Meditations on Love: The Great Vehicle, Mahakankala Buddhist Center’s series of classes in December, continues on Wednesday evenings in examining the beauty of the Mahayana Path of Buddhism in the mind which motivates it: a wish to perfect oneself in order to effortlessly benefit others. The world is a reflection of the mind perceiving it; therefore, when we purify our own mind we perceive a pure world. The series serves to define and explore the small steps we can take in our mind to improve how we feel about others — and translate that into loving others in daily life.

Each class begins with a guided breathing meditation and culminates with a second meditation based upon the evening’s topic. There is no requirement to attend the whole series. Open to everyone, the drop-in donation for the 6:30-7:30 pm sessions is $10.

Sounds of the Season 

Shane Thunder, who led a mini-marathon of sound baths all by himself with three events in different yoga studios in town last weekend, kicks off another weekend of sound immersion, this time from three different guides.

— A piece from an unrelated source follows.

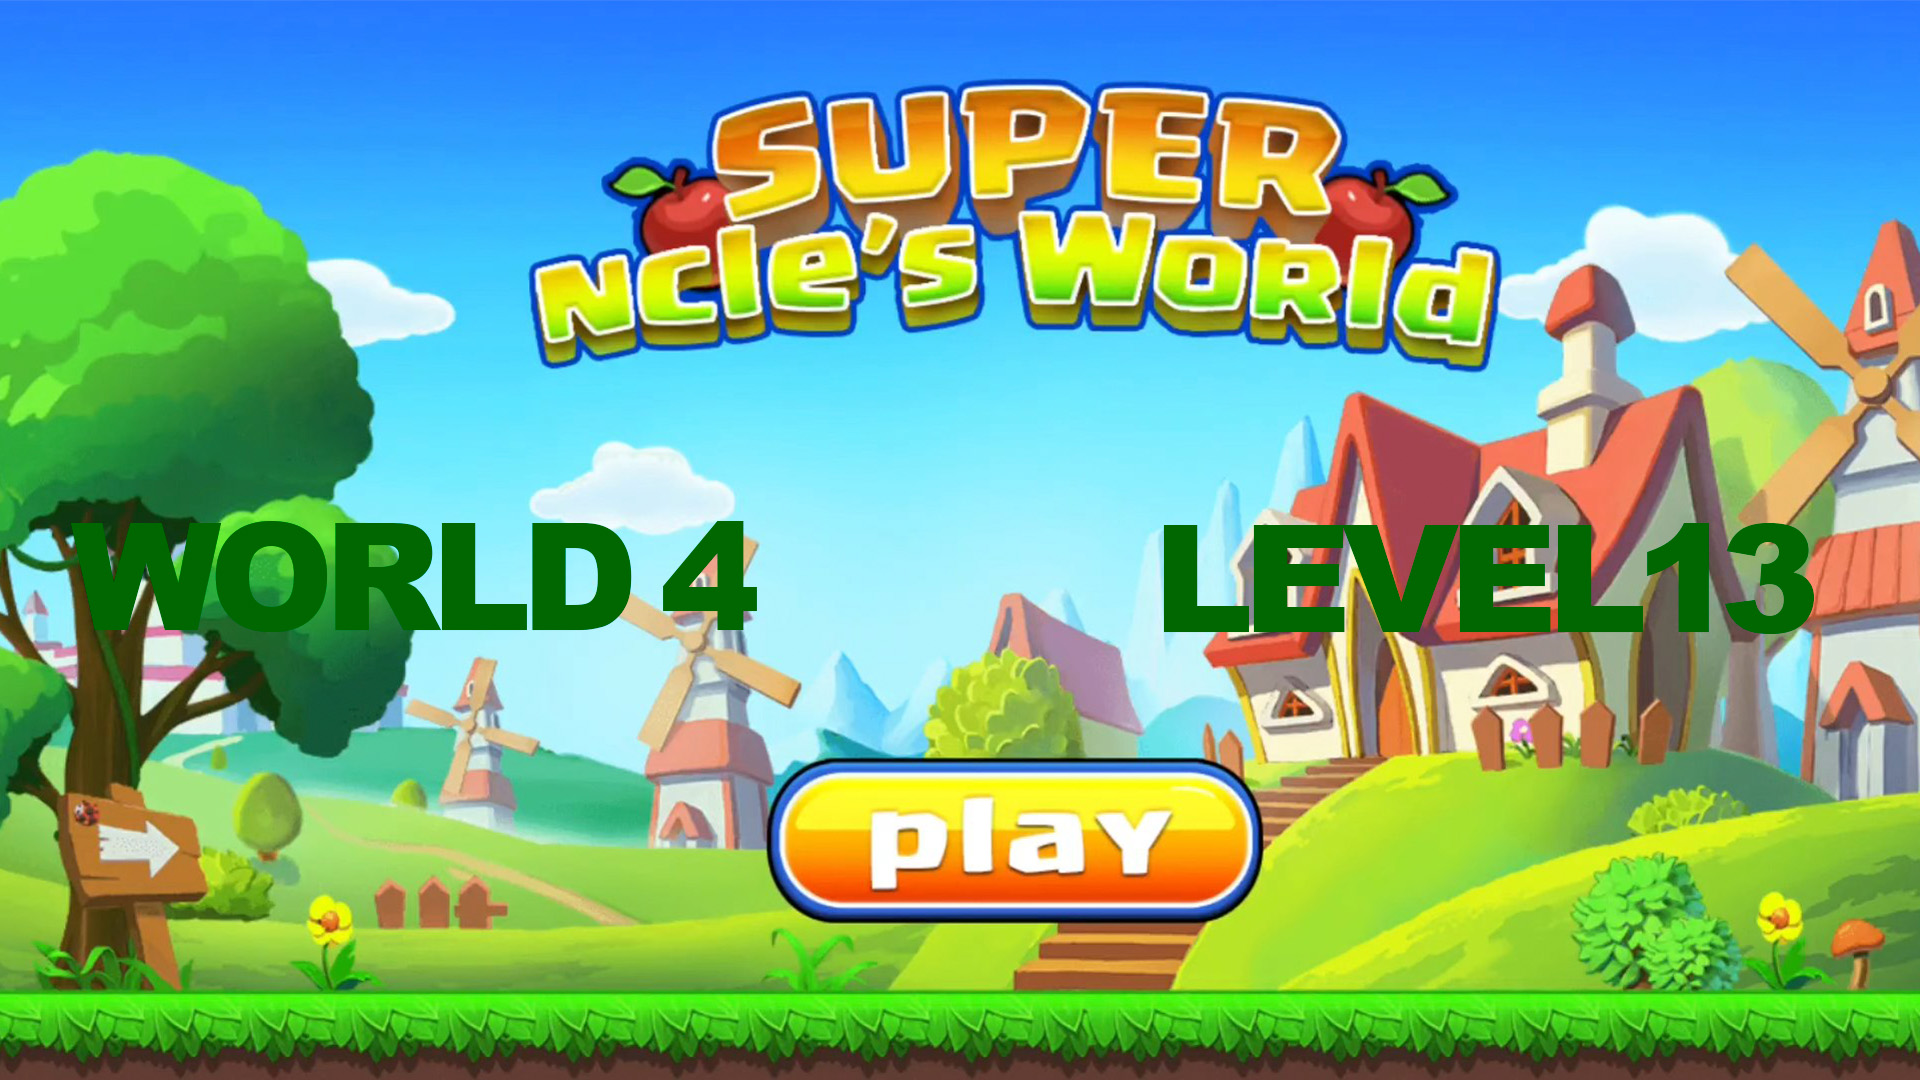 Super ncle's  World 4. Level 13.

Shane employs his alchemical gemstone and Tibetan singing bowls, chimes, drums, aromatherapy, and guided meditation to take people into a deeply meditative and rebalanced state at Yoga Soup at 7:30 pm Friday, December 14 ($20 in advance / $25 day-of; www.yogasoup.com).

Next up is Certified Sound Healer Kate Coppola, who uses a wide variety of ancient sound healing percussion instruments that she has collected from all over the world – including a Symphonic Paiste Gong, Tibetan Singing Bowls, Crystal Quartz Singing Bowls, Archangel Koshi Bells, and other unplugged instruments as a “nourishment for your neurons / acupuncture by way of sound.” Coppola, who is also a Certified Reiki Master Level 2 as well as a Certified Integrative Nutritional Health Coach, launches the Super Soul Sound Bath journey at 3 pm Saturday, December 15, at Villa Luna, her Santa Barbara estate ($45; https://www.eventbrite.com/e/super-soul-sound-bath-saturday-tickets-53214949346).

Finally, Izumi Asura leads the last Meditation with Sound session of the year, blending the sound and vibration of the Tibetan/Crystal singing bowls and Gongs to help participants let stress go and create more space for joy and happiness. The 6 pm session on Sunday, December 16, costs $20 (www.musicoftheshperessb.com).